Босые ноги послушно зашагали куда-то вперед, Аверету только и оставалось, что наблюдать со стороны. Он был скован, полностью подчинившись чужой воле – он просто не мог противостоять ей. Незнакомые стены окружили его. Он разглядел богатую кровать и понял, что попал в чьи-то покои. Ноги вели его к спящему. Им оказался мужчина, каким стал бы сам Аверет через пару десятков зим. Юноша успел заметить это поразительное сходство до того, как его руки прижали одну из лежащих белоснежных подушек к лицу спящего.
Еще одна вспышка. И Аверет вернулся в келью. Его пальцы вцепились в края грубой простыни, а она расползалась на лоскуты один за другим и завязывалась в узлы. Он знал, как сразить противника мечом или ударом, а теперь был только послушной ярмарочной куклой, но рвался из чар беловолосой, как посаженный на цепь дикий волк.
РАЗ.
ДРУГОЙ.
Он хотел выскользнуть из-под ее власти, а она лишь смотрела на него глазами полными слез.
– Что ты делаешь? – фыркнула северянка, и он убедился, что она плачет не от сострадания. – Не противься! Так будет хуже не только мне.
Она пошатнулась, вдруг выхватив из-за пазухи знакомый ему платок. Работая в винограднике, он неуклюже рассек ладонь, утер кровь первым, что попалось под руку, и выронил его там. Девушка, кем бы она ни была, вероятно следила за ним, ждала и, наконец, напала, вооружившись самой темной магией из всех возможных.
– Всего одна капля даст мне сделать все, что я захочу!
В следующий миг он увидел, что она помогает ему завязывать петлю, а он сам тем временем слеп, глох, противился и бился. Он не знал ничего о том, как не поддаваться этой северянке, столь ловко играющей с ним.

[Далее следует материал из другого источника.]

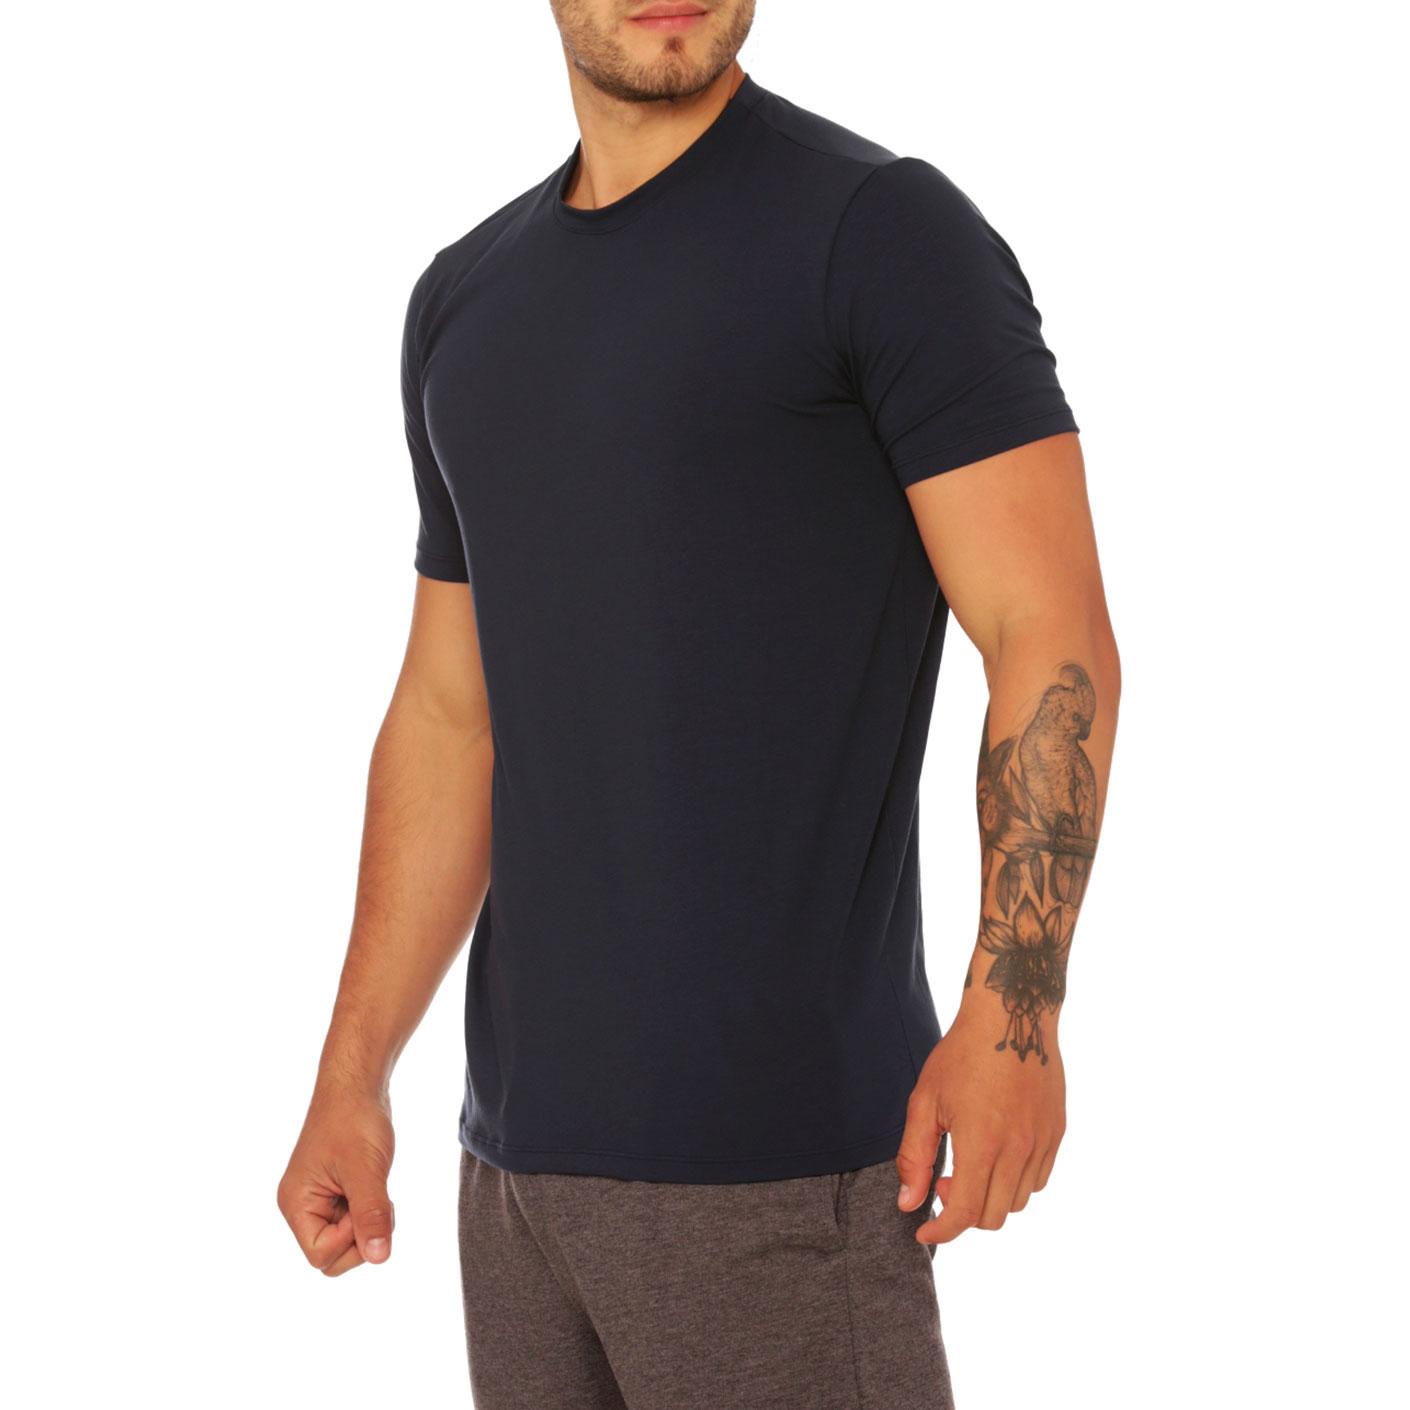 Mundo Unico Comfort Wear T-Shirt   Blue

Вдруг она вздрогнула, согнулась беспомощно пополам, и когда снова посмотрела на Аверета холодными колкими глазами, по ее подбородку бежала алая струйка.

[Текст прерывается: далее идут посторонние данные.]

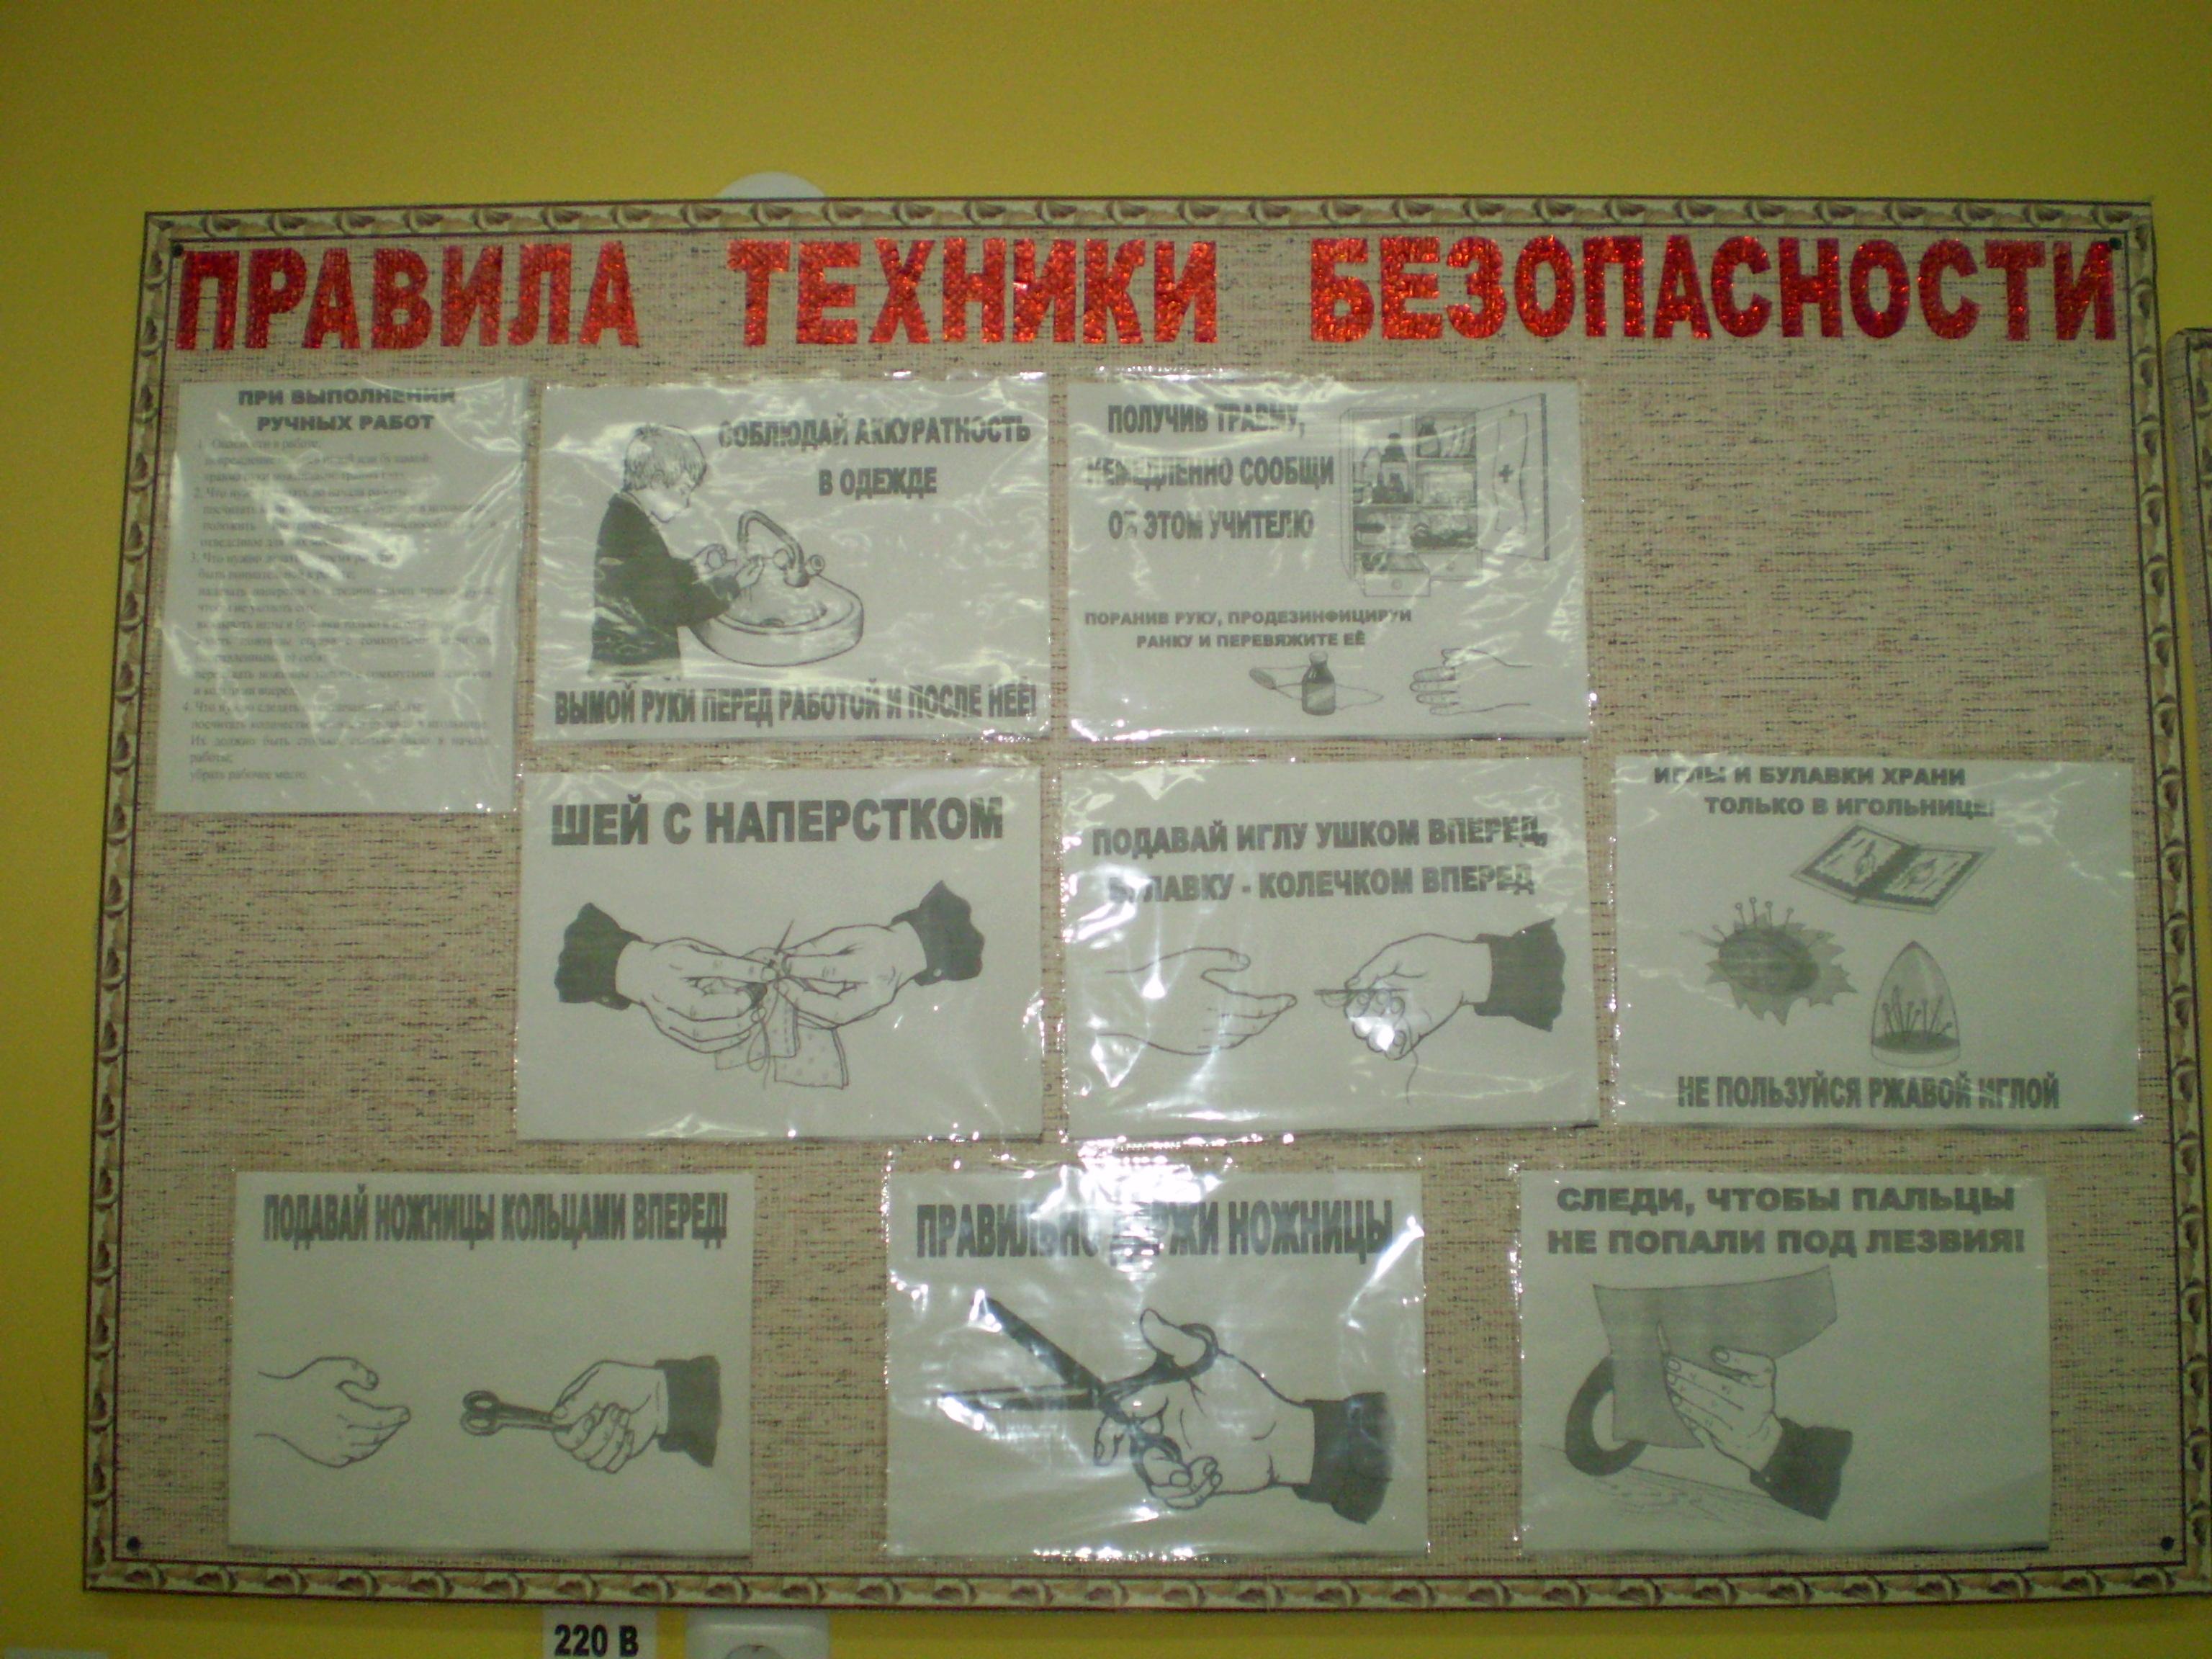 Охрана труда при вязании крючком

– Как жаль, что ты так мало думаешь о себе, – пугающе засмеялась девушка. – Не знаешь о том, кто ты, но все равно умрешь.
Она зарычала, схватила веревку, едва ли не падая без сил, швырнула ее через низкую потолочную балку. Ивэн видел, как ее кожа теряет цвет, и вдруг у него получилось вырвать глоток воздуха, потом еще и еще один. Северянка истошно завопила, но Аверет не слышал ничего, и лишь наблюдал, как его ноги, подчиняясь чужой воле, стоят на краю кровати, как чужие пальцы почти любовно затягивают петлю на его шее.
– Я. НЕ. ДАМСЯ. ТЕБЕ. – Коротко, запредельно громко и неразборчиво. Аверет не понимал, подчинились ли ему его собственные губы.
В последний момент его ладонь, тяжелая, словно чужая, скользнула под петлю. И пелена сна разорвалась, треснула как лед в полынье.
Больше не было северянки, но Аверет все еще был куклой. Умирающей, не принадлежащей себе оболочкой. Пока сознание не успело покинуть его, он до боли выгнул свободную кисть.
Горшки, оставленные им у входов в кельи, оглушительно лопались один за другим – вода в них вскипала, разрывая тонкие глиняные стенки. Проваливаясь в темноту, он расслышал крики.
Очередная и уже нежданная вспышка света означала лишь, что северянка проиграла. Он был жив, слышал взволнованные голоса послушников – они волокли его в госпиталь, подхватив под руки. Сложно было разобрать слова, заглушаемые его собственными хрипами. Тело непрерывно дрожало, все еще не осознавая победу. Не справляясь с собственным дыханием, Аверет снова и снова уходил во тьму. Очнувшись, он увидел перед собой аббата Карелла. Он смазывал его шею дурно пахнущей мазью, держа наготове бинты.
– У моей сестры гнилая кровь, – тихо, почти равнодушно говорил он. – Всю жизнь я боялся, что ты потеряешь разум. Магия – дар. Безумие – вот проклятие. Это случилось с тобой?
Аверет хотел ответить, но голос не слушался его. От бессилия и ужаса из глаз брызнули слезы. Он вырвался, только чтобы через пару шагов, задыхаясь в кашле, упасть у потухшего камина. Бездумно нырнув пальцами в угли, он выхватил один из них.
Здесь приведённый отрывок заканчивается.